The activation of transcriptional coactivators YAP and its paralog TAZ has been shown to promote resistance to anti‐cancer therapies. YAP/TAZ activity is tightly coupled to actin cytoskeleton architecture. However, the influence of actin remodeling on cancer drug resistance remains largely unexplored. Here, we report a pivotal role of actin remodeling in YAP/TAZ‐dependent BRAF inhibitor resistance in BRAF V600E mutant melanoma cells. Melanoma cells resistant to the BRAF inhibitor PLX4032 exhibit an increase in actin stress fiber formation, which appears to promote the nuclear accumulation of YAP/TAZ. Knockdown of YAP/TAZ reduces the viability of resistant melanoma cells, whereas overexpression of constitutively active YAP induces resistance. Moreover, inhibition of actin polymerization and actomyosin tension in melanoma cells suppresses both YAP/TAZ activation and PLX4032 resistance. Our siRNA library screening identifies actin dynamics regulator TESK1 as a novel vulnerable point of the YAP/TAZ‐dependent resistance pathway. These results suggest that inhibition of actin remodeling is a potential strategy to suppress resistance in BRAF inhibitor therapies.
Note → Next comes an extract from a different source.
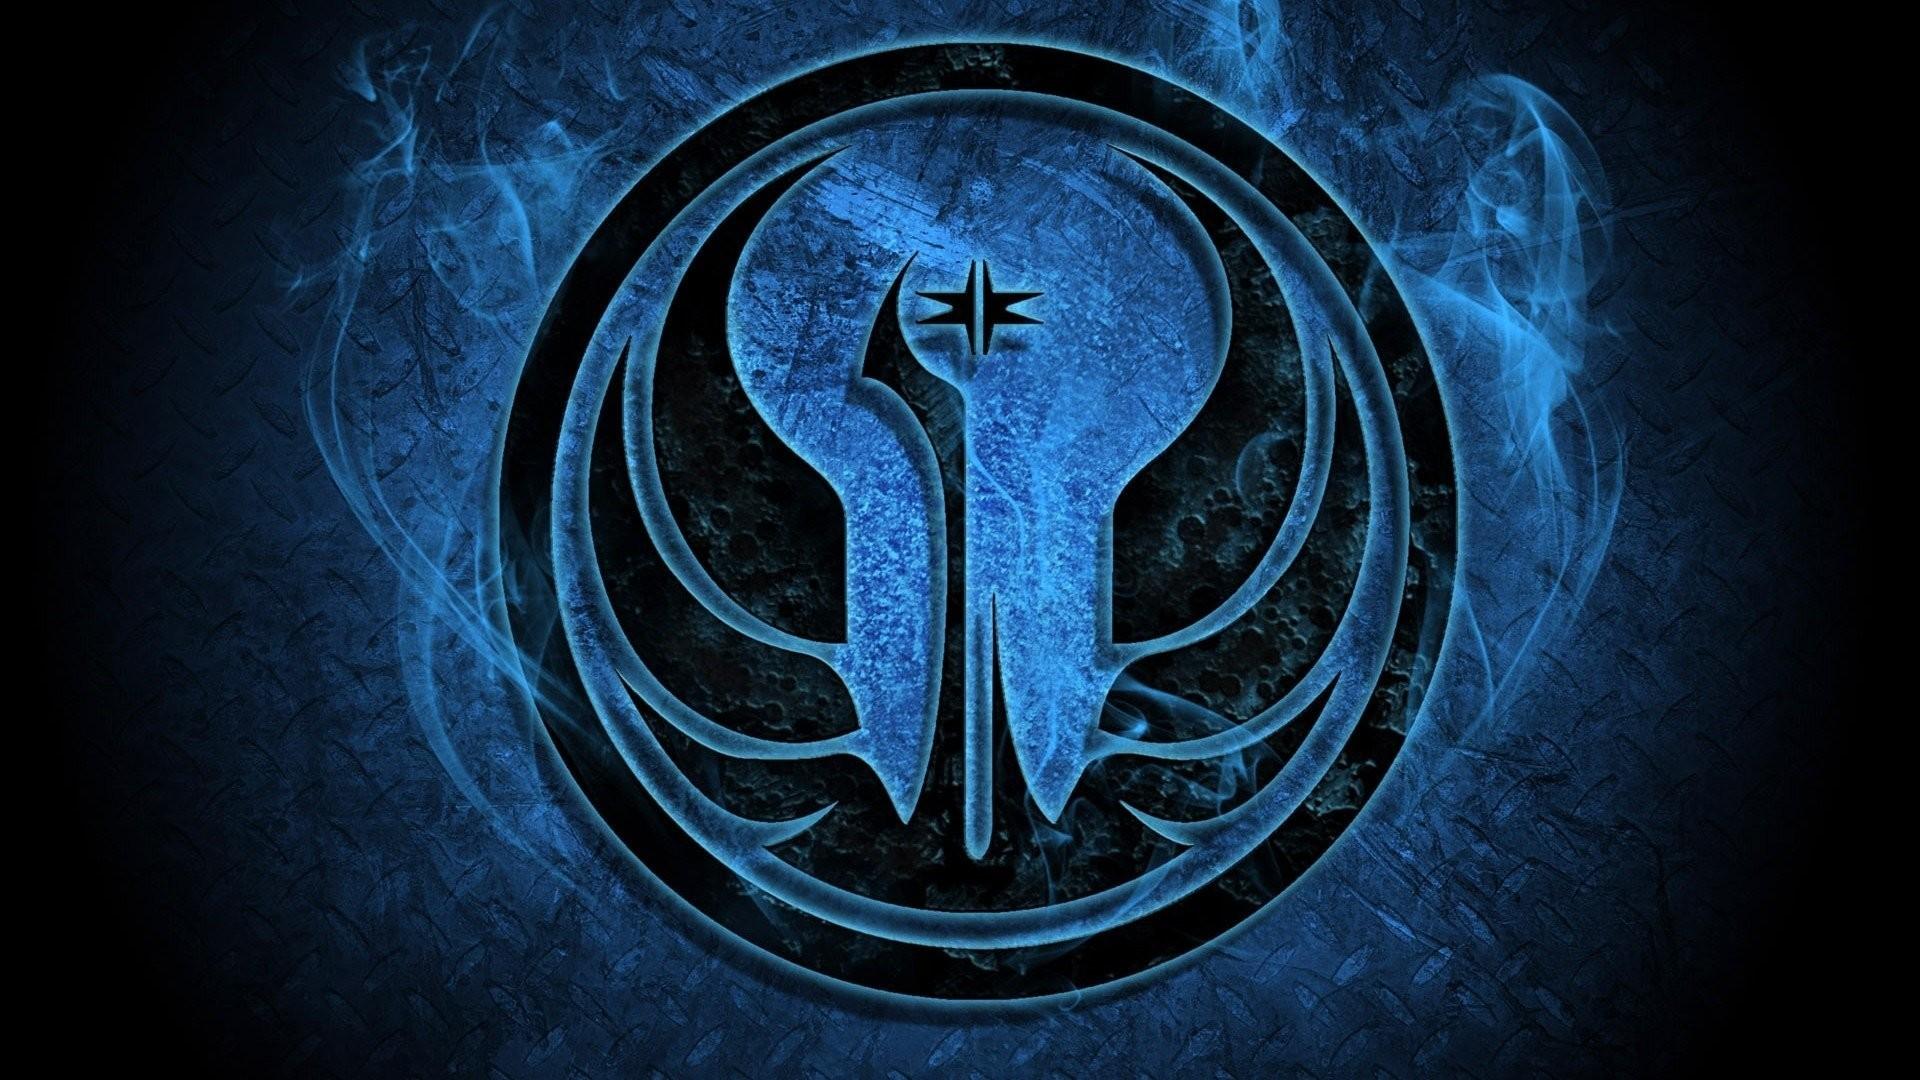 Star Wars Logo Wallpaper background picture

See also: F Zanconato & S Piccolo (March 2016)
BRAF V600E mutant melanoma cells undergo active actin cytoskeletal remodeling in response to the BRAF inhibitor PLX4032, and the remodeling promotes nuclear localization of YAP/TAZ oncoproteins, conferring adaptive resistance to PLX4032.
The development of PLX4032 resistance in melanoma cell lines is accompanied by increases in both actin stress fiber formation and cell spreading on substrates.
PLX4032‐resistant melanoma cells exhibit higher levels of YAP/TAZ nuclear localization and transcriptional activity.
Inhibition of actin filament assembly or actin cytoskeletal tension suppresses YAP/TAZ activation and PLX4032 resistance in melanoma cells.
Depletion of YAP/TAZ restores PLX4032 sensitivity in resistant cells, whereas overexpression of constitutively active YAP induces PLX4032 resistance in non‐resistant melanoma cells.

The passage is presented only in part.